Companies have rushed to deploy AI agents without the necessary infrastructure to monitor their performance and costs. This conclusion comes from George Sivulka, founder of the startup Hebbia, in an essay for the a16z newsletter, as reported by Fortune.

He linked the issue to "tokenmaxxing"—a practice where organizations tracked and encouraged increased token consumption when working with AI. According to him, companies mistakenly interpreted rising token usage as a sign of AI implementation and productivity gains.

“You just hired a million bad employees,” Sivulka wrote.

In his view, AI agents have not so much reduced labor costs as altered the structure of expenses. He stated in his essay that “for the first time in history, people have become cheaper than software.”

Hebbia develops corporate AI tools. According to Fortune, among its clients are BlackRock, KKR, and the U.S. Air Force.

The Problem Is Not with the Models

Sivulka estimates that AI agents often fail not due to weak models, but because of unclear instructions within companies. He claims that “about one in 100 employees” knows how to provide AI with enough context for quality work.

Poor instructions lead to “loops”: the agent tries to correct its own actions, repeatedly consults the model, and consumes additional tokens without proportional results. Sivulka described this as “token consumption for the sake of token consumption.” Ultimately, he concluded that companies are facing a management crisis rather than a technological one.

Fortune connected this thesis to a broader discussion about AI spending. According to the publication, at the beginning of 2026, several companies tracked and encouraged token consumption as a measure of employee activity.

Later, some of these initiatives were rolled back. Previously, the publication reported that Meta and Amazon used internal ratings of token consumption but abandoned them after employees began using AI for metrics rather than results.

Costs Have Become a Separate Risk

Fortune cites data from UBS Global Research, indicating that nearly all executives from AI companies at a private bank event discussed the issue of token expenses in the corporate environment.

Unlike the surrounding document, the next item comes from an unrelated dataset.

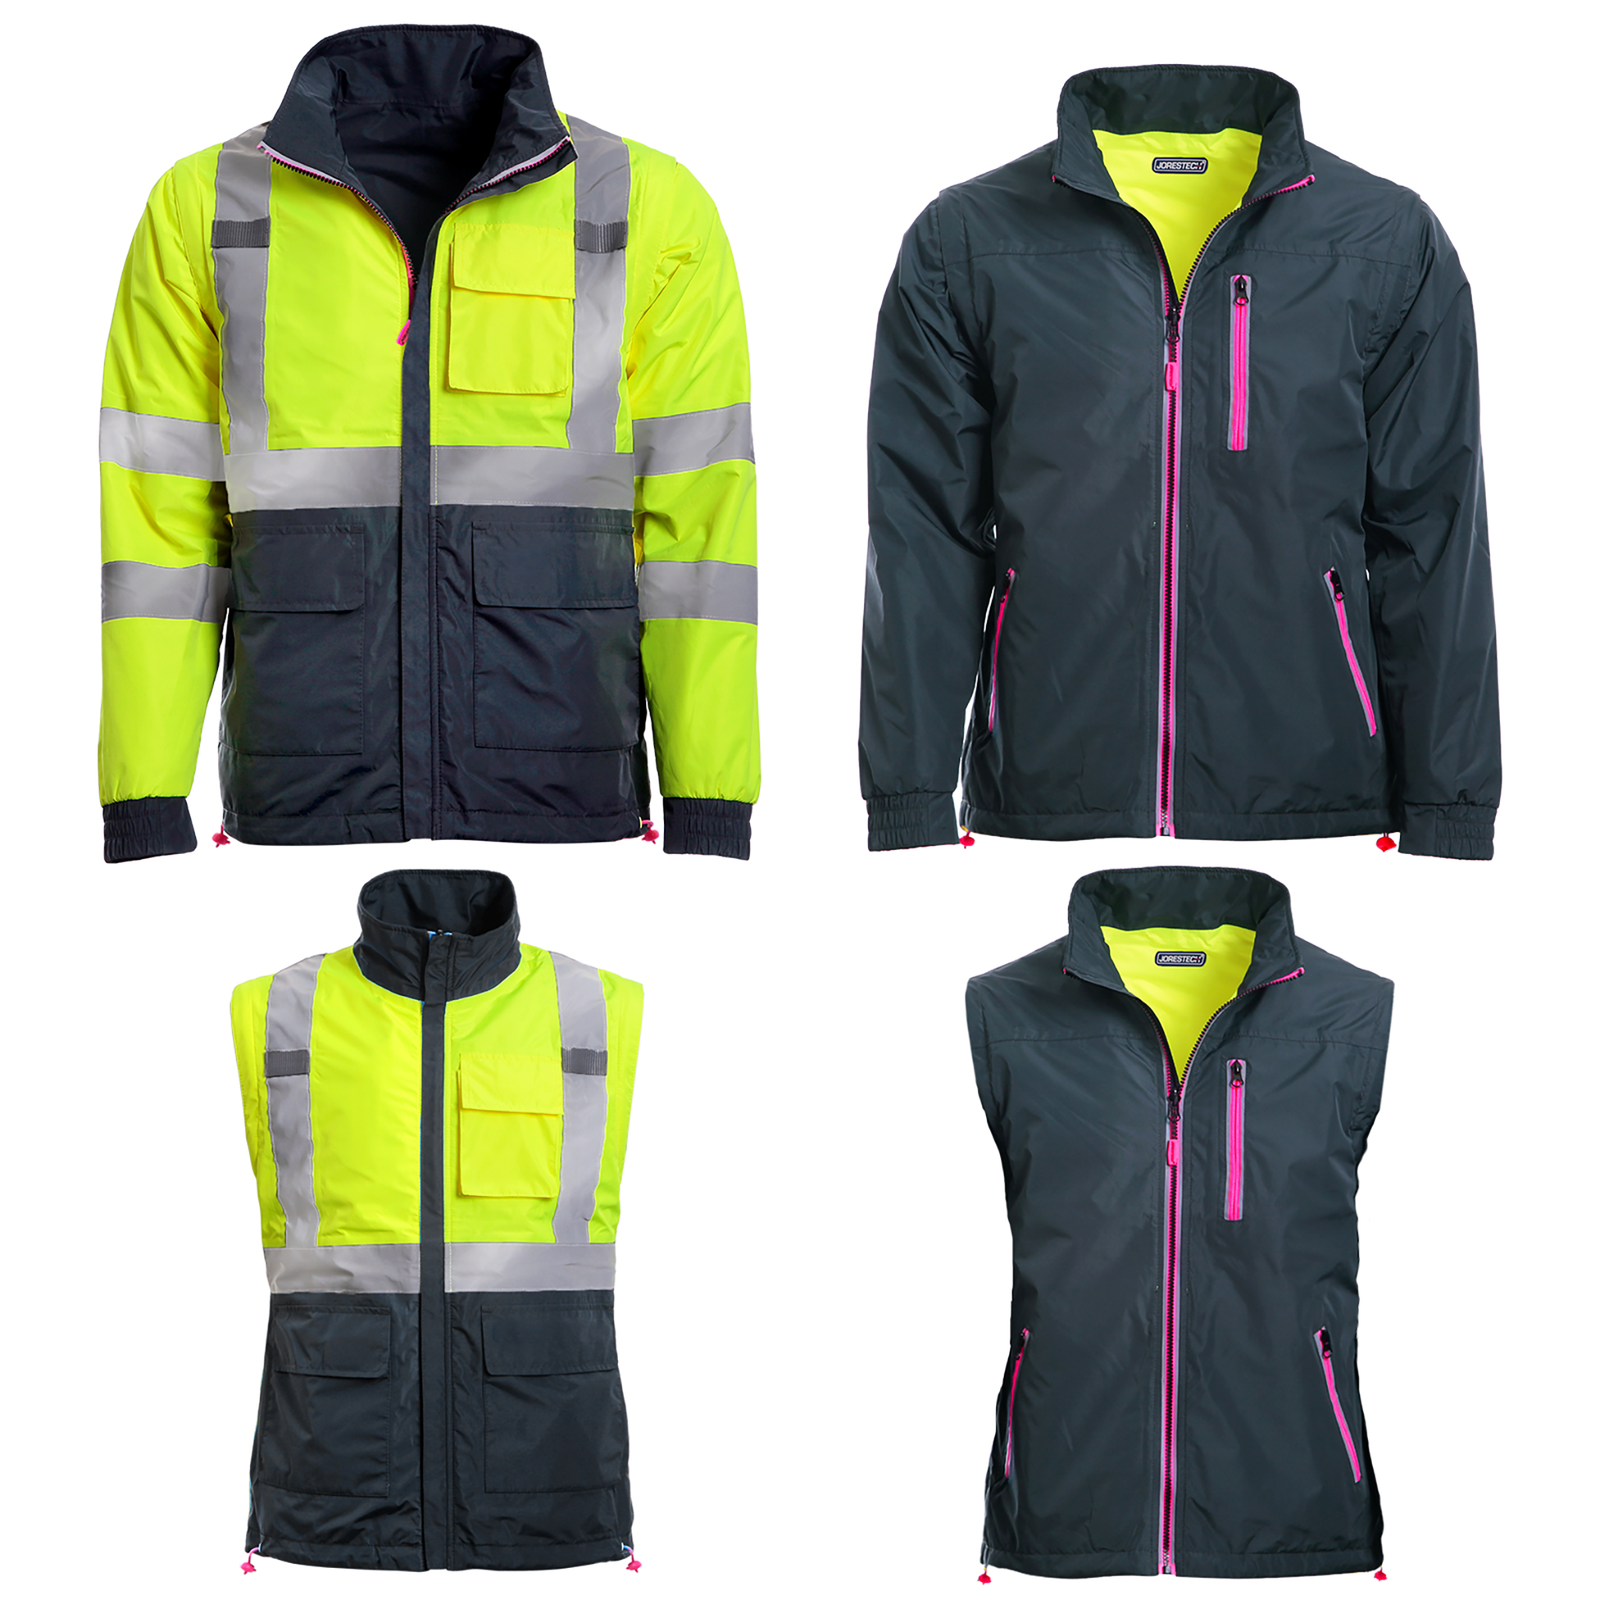 4 different looks are shown: 1 a reflective yellow JORESTECH safety jacket. 2 a reflective yellow safety vest. 3 a non reflective jacket with dark gray and pink details. 4 a no reflective vest with dark gray and pink details.

One unnamed firm reported to UBS that its expenses on Anthropic rose from $20,000 in December to nearly $1 million in July. Management did not completely restrict usage but began implementing internal limits and warnings about exceeding thresholds.

According to journalists, UBS previously assessed concerns about token expenses as a significant issue for about 60% of organizations. The publication also mentioned an unnamed company that, according to Axios, received a bill of approximately $500 million in one month for using Claude after launching AI tools without limits.

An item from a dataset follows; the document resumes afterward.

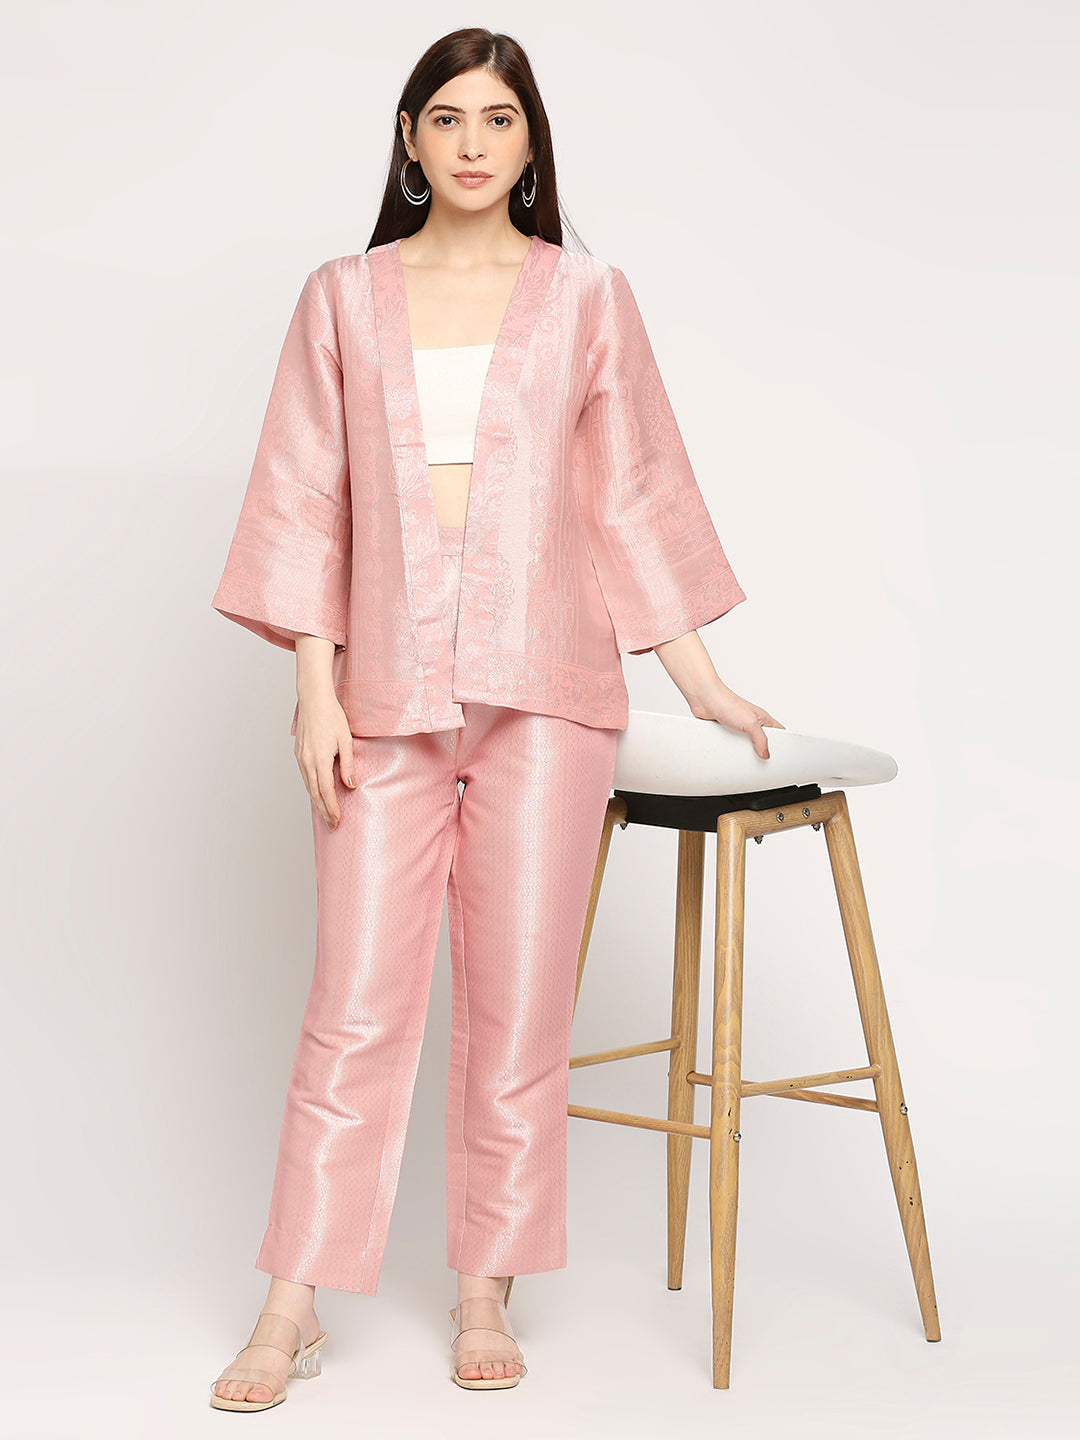 Brocade Peach French Patterned Jacket

Companies Are Shifting to Model Management

Sivulka believes the solution lies not in abandoning AI but in establishing a management infrastructure for agent systems. This includes clearly defining processes, evaluating quality outcomes, controlling expenses, and distributing tasks among different models.

Fortune reports that some companies are already transitioning to model routing. In this approach, simple operations are assigned to cheaper or faster models, while advanced, costly models are reserved for key scenarios.

Sivulka also warned of a new internal issue related to employees retaining essential work context. He noted that individuals may be reluctant to share knowledge and processes with AI systems that could render them irreplaceable. The expert emphasized that without trust and clear rules, workers will be unwilling to assist systems that could change their roles.

In July, Financial Times columnist Sarah O’Connor referred to employee knowledge as a resource for corporate AI.